The First Lady and her would-be successor shined this year. And maybe that's a problem for everyone save their husbands.
Aren't they amazing?
Ann Romney and Michelle Obama both gave standout speeches on behalf of their husbands at the Republican and Democratic National Conventions. And they're so endearing. I enjoyed listening to both women, much more than most of the politicians who've spoken, and came away with a renewed impression of their seeming integrity, undeniable likability, and overall impressiveness.
Perhaps others were less moved.
But who save the most vitriolic among us would criticize either woman?
Unlike their husbands, they didn't affirmatively choose a life in politics, and all the harsh scrutiny and attacks that come with it. It's just unseemly when partisans attack Ann Romney or Michelle Obama, as if the spouse of a political candidate is an appropriate target of partisan rancor.
They shine in part because they're apart from politics.
And that's exactly what the campaigns of their husbands exploit. They use these women to disarm us. They're not mere pawns, of course. They're strong individuals who want their husbands to succeed. Still, it's considered unseemly to treat them like political figures, for who can blame them for speaking up on behalf of their spouse? Wouldn't we all? And if we exaggerated what recommends them or seemed blind to their flaws who would think us disingenuous?
We're all partisans for the people we love most.
For all these reasons, spouses get a pass, and I think they should continue getting one. Were they treated like politicians, who would ever agree to let their husband or wife run for office? Only Callista Gingrich.
We don't want that world!
Still, this conversion of spousal likability into political advantage seems a bit problematic.
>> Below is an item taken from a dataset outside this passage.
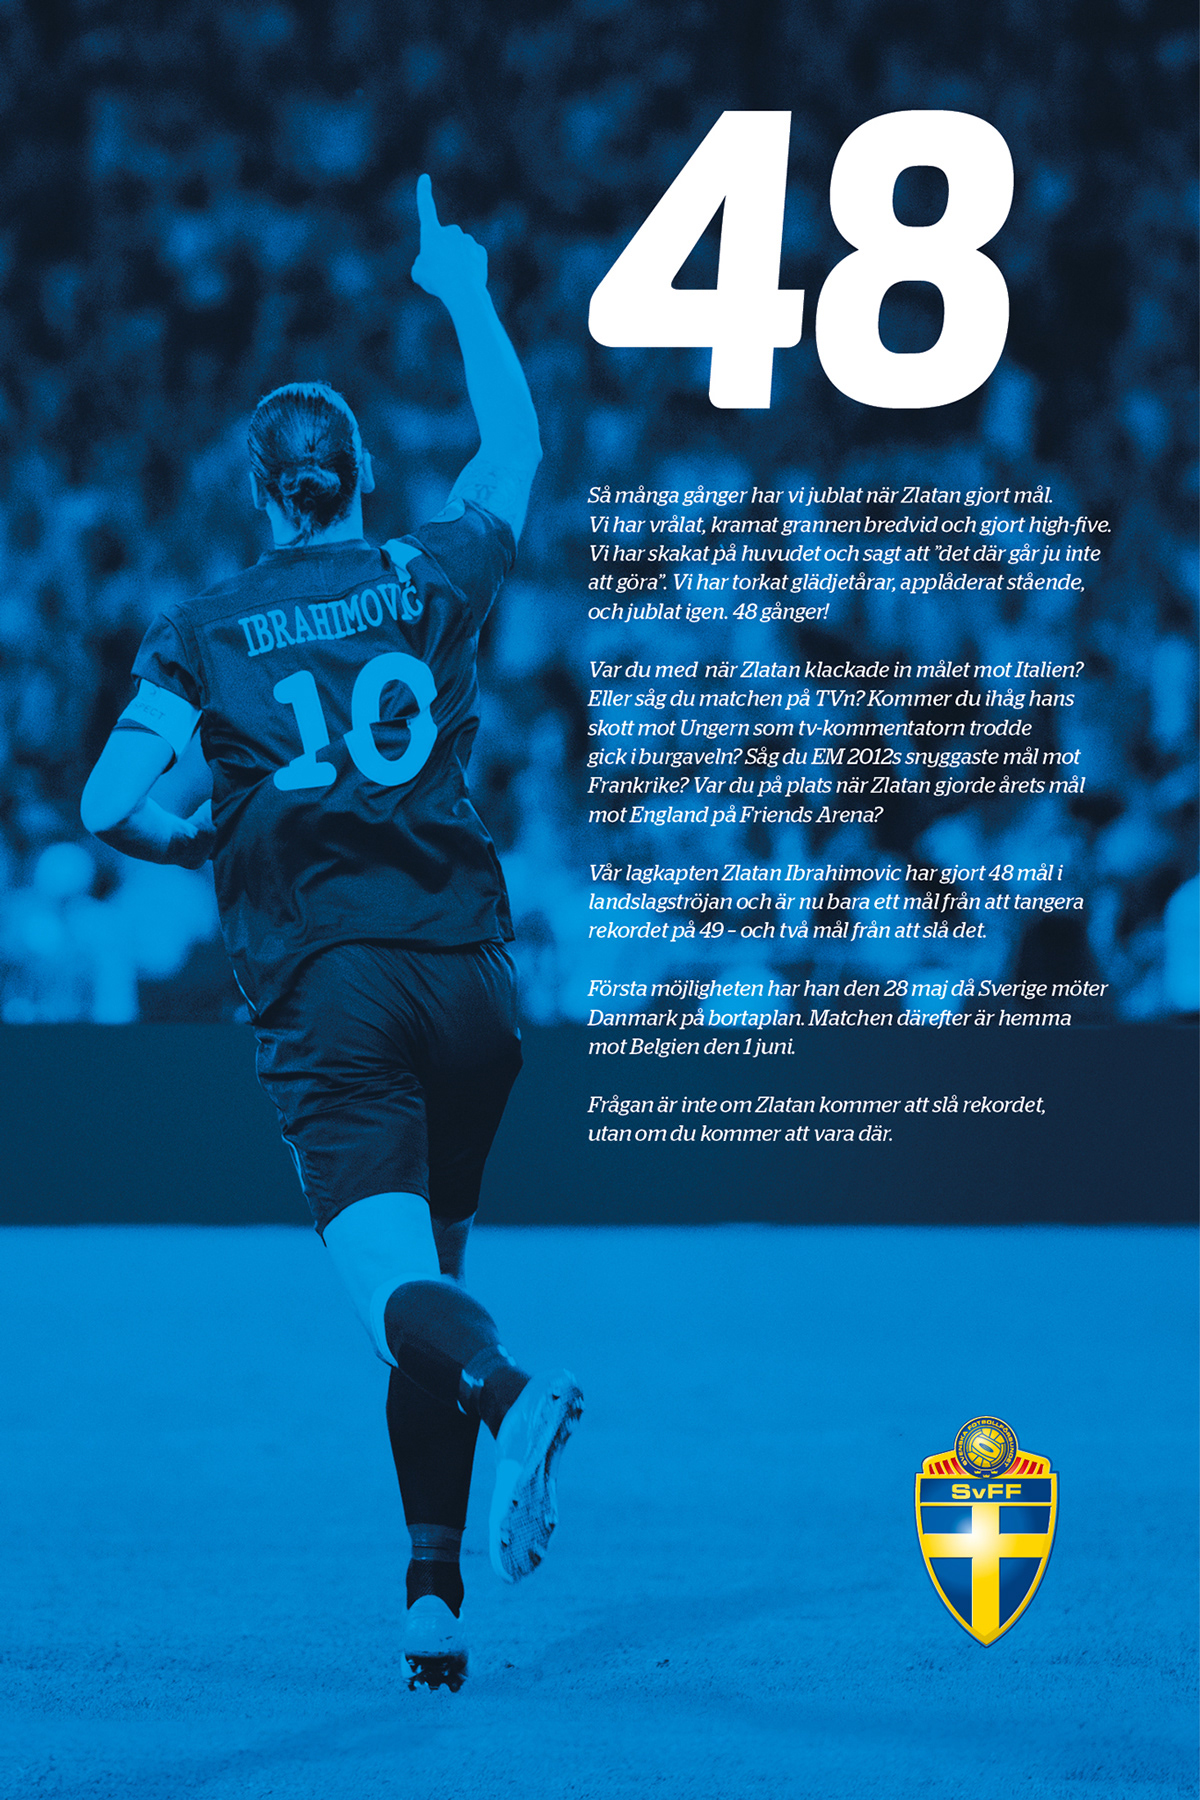 SvFF Svenska Fotbollförbundet zlatan ibrahimovic ibra record fotboll football soccer advert
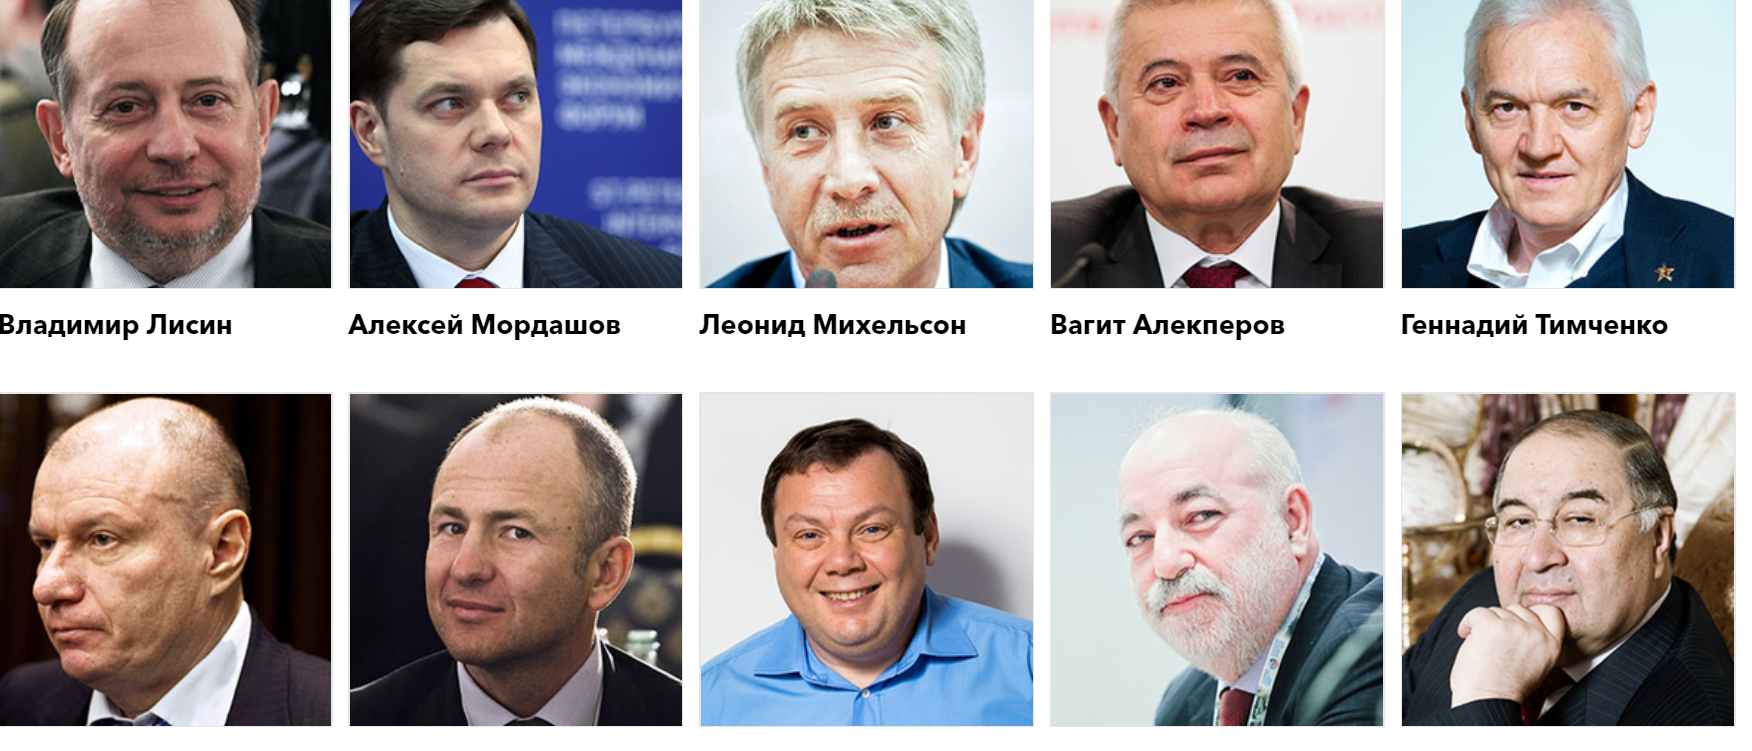 Forbes: российские миллиардеры продолжают богатеть, несмотря на санкции

Says The Economist, "A politician's wife who is not a politician, expected to use the privilege of her position to advance only the most wholesome, patriotic causes (reading, childhood obesity, the welfare of military families), a first lady may still -- with skill and guile -- be used as an effective partisan weapon."
It's a bit like giving a medic a gun so that he can fire once or twice at the other side in the course of rescuing fallen comrades.
Nor is that the only reason it's problematic.
Perhaps Mrs. Romney and Mrs. Obama are exactly right about their husbands. But we all know that spouses are often terrible judges of their partners, or else willing to mislead on their behalf. Think of Hillary Clinton during her husband's sex scandal, Elizabeth Edwards in a similar situation, or to cite a more extreme example that I don't mean to equate with the previous two, think of Mrs. Sandusky, insisting on the innocence of her molesting husband to this day.
Do we want our judgment about the best person for the presidency colored, significantly or even partly, by testimony from someone as biased as a spouse? Someone whose unique stature enables them to disarm? Someone who, deliberately or not, is perfectly positioned to mislead us?
There is, finally, the effect on spouses of potential candidates.
Playing a major role at the convention is fine if you're like Mrs. Romney or Mrs. Obama -- that is to say, if you're confident, excel at public speaking, are possessed of extraordinary charisma, happen to be beautiful, and appear to most people ten years younger than you actually are. But somewhere, there is a political wife who fears that she'd come off less well than these women. Perhaps she is less attractive, or gets nervous in front of big crowds, or is awkward.
Perhaps the cost of our spousal obsession will be born mostly by spouses like her; but perhaps we'll miss out on good candidates because their husbands or wives aren't up for the outsized role partners are increasingly expected to play; or perhaps we'll miss out on electing someone who did run because the candidate's husband or wife wasn't sufficiently superficially likable.
I wonder if we'd be better served if it was considered unseemly for candidate spouses to get major speaking rolls on the campaign trail. Or if their were a more stark choice to face: either play the Hillary Clinton as First Lady role, very much a part of the political process but also deemed fair game for criticism; or else stay assiduously apolitical, and normatively protected from attack.
But perhaps there is no solution. Perhaps it's good that the American public is decent enough to refrain from attacking spouses, and inevitable that politicians are going to twist and exploit every noble impulse in order to maximize the advantage to their careers. At least let us agree to scream bloody hell if a politician ever tries to trot out one of their children to exploit this same dynamic.